Give the data again exactly as written, skipping any pictures.

Information shown:
--- START ---

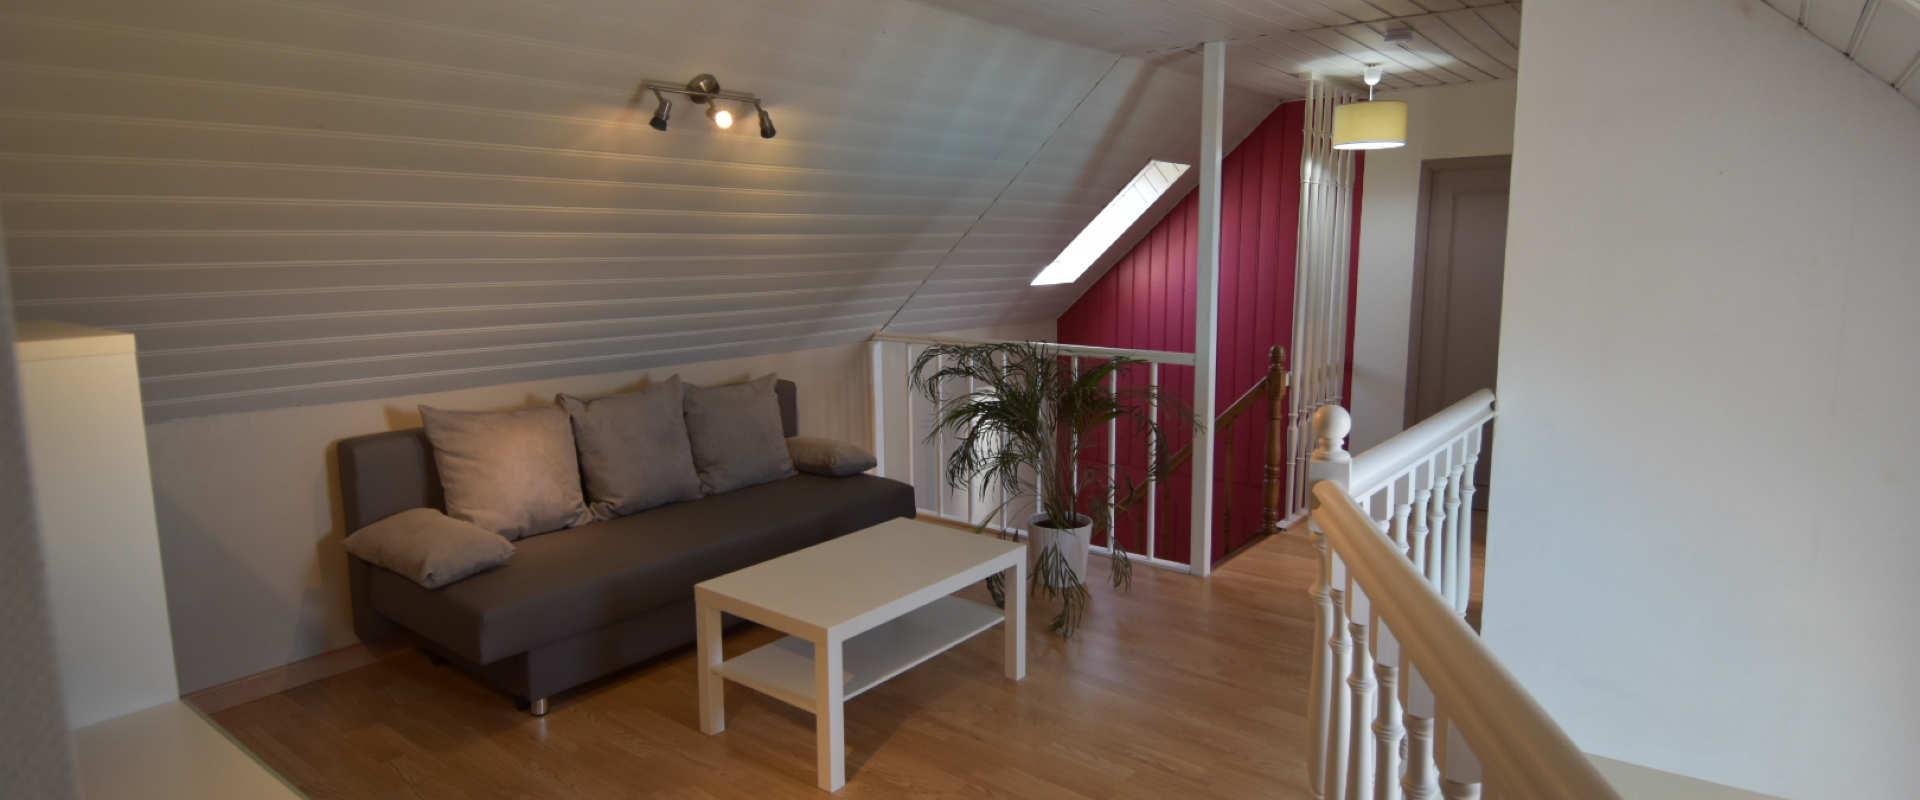 cleder8-salon-etage2.jpg
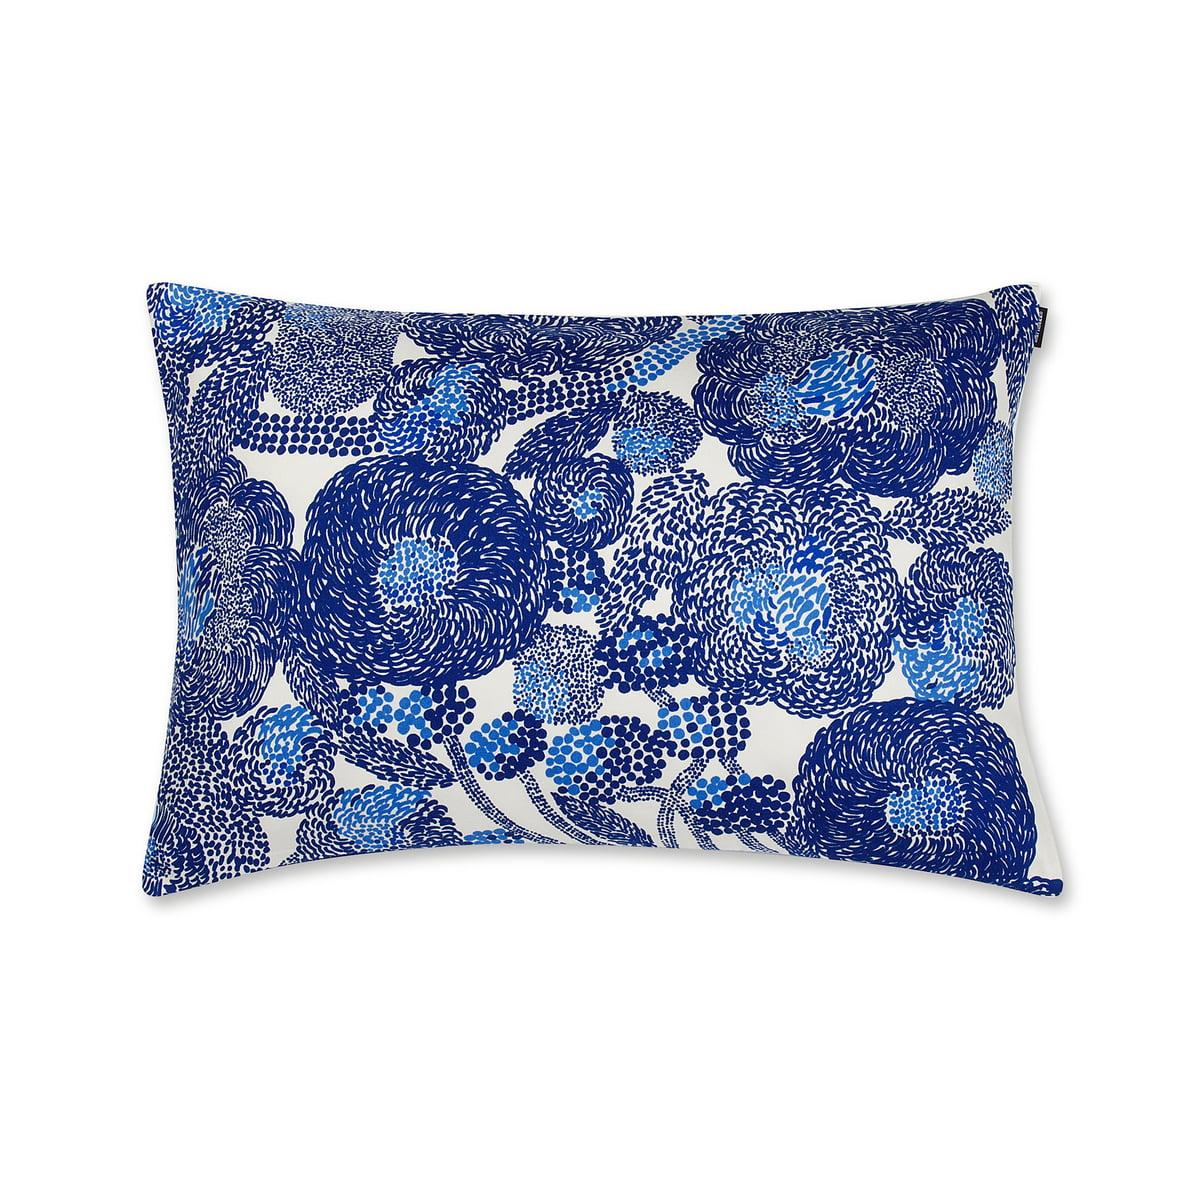 mynsteri cushion cover 40 x 60 cm by marimekko connox. Black Bedroom Furniture Sets. Home Design Ideas
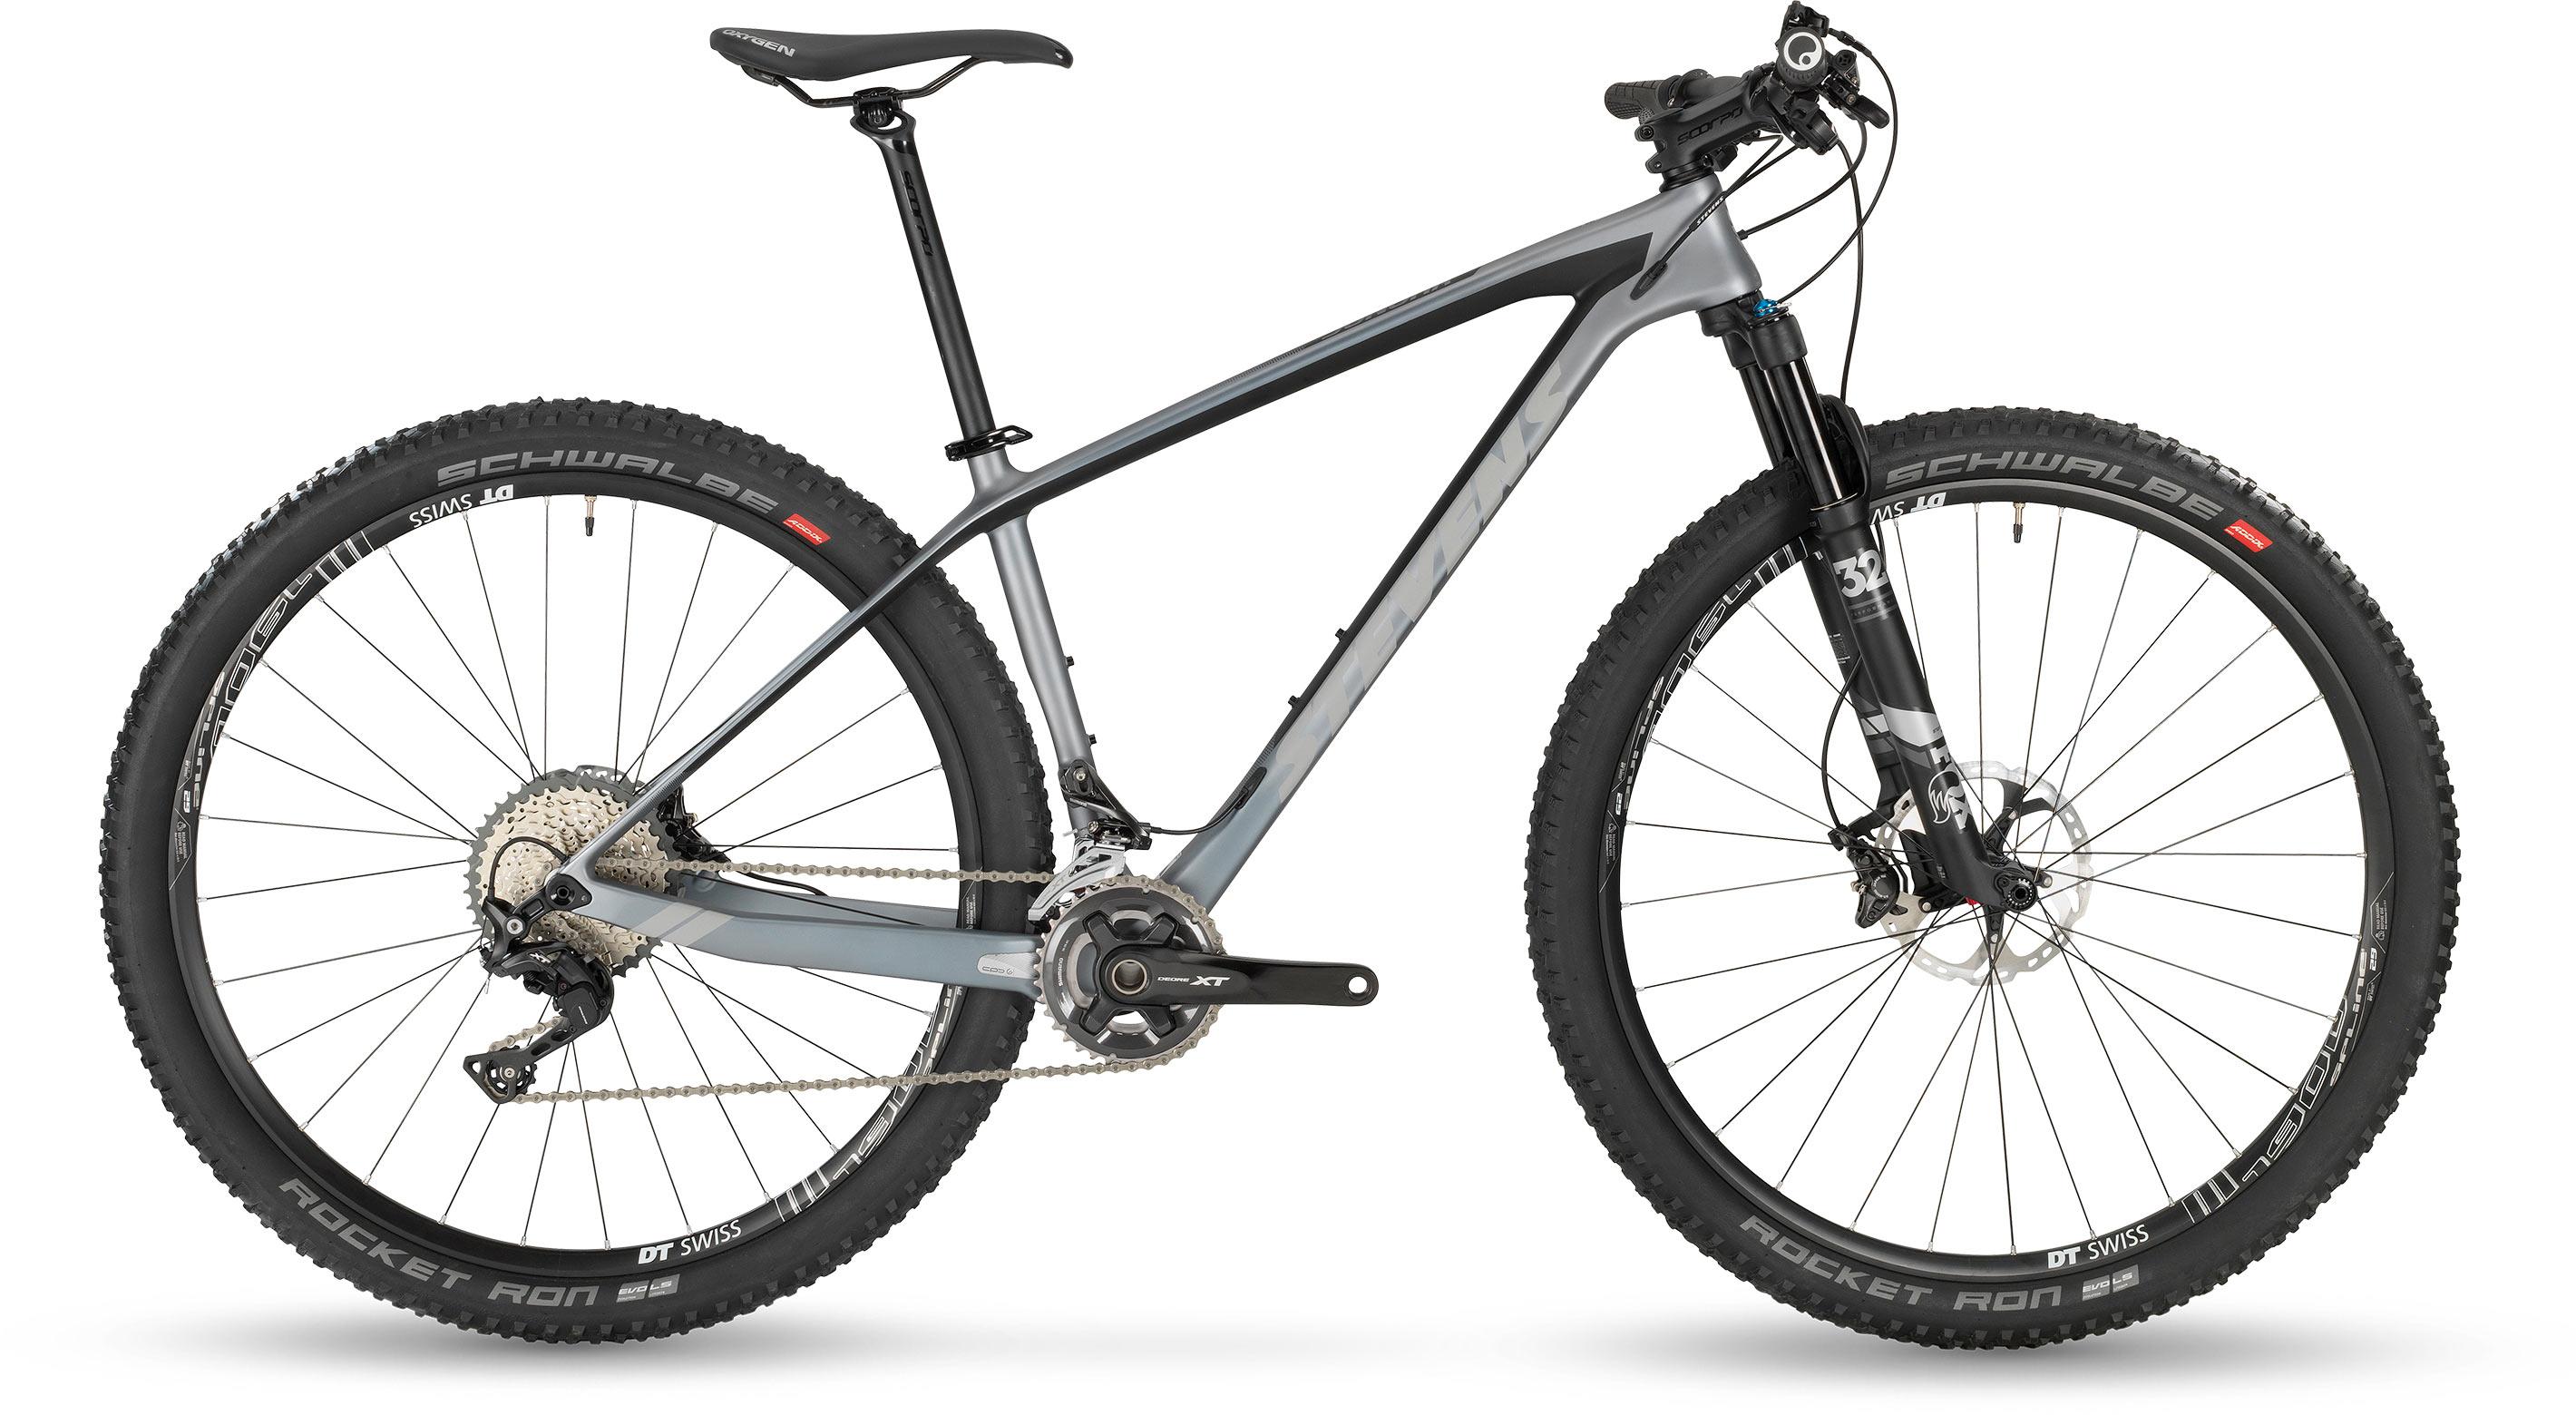 Sonora ES - Stevens Bikes 2018

--- END ---

Completed task:
 cleder8-salon-etage2.jpg
 mynsteri cushion cover 40 x 60 cm by marimekko connox. Black Bedroom Furniture Sets. Home Design Ideas
 Sonora ES - Stevens Bikes 2018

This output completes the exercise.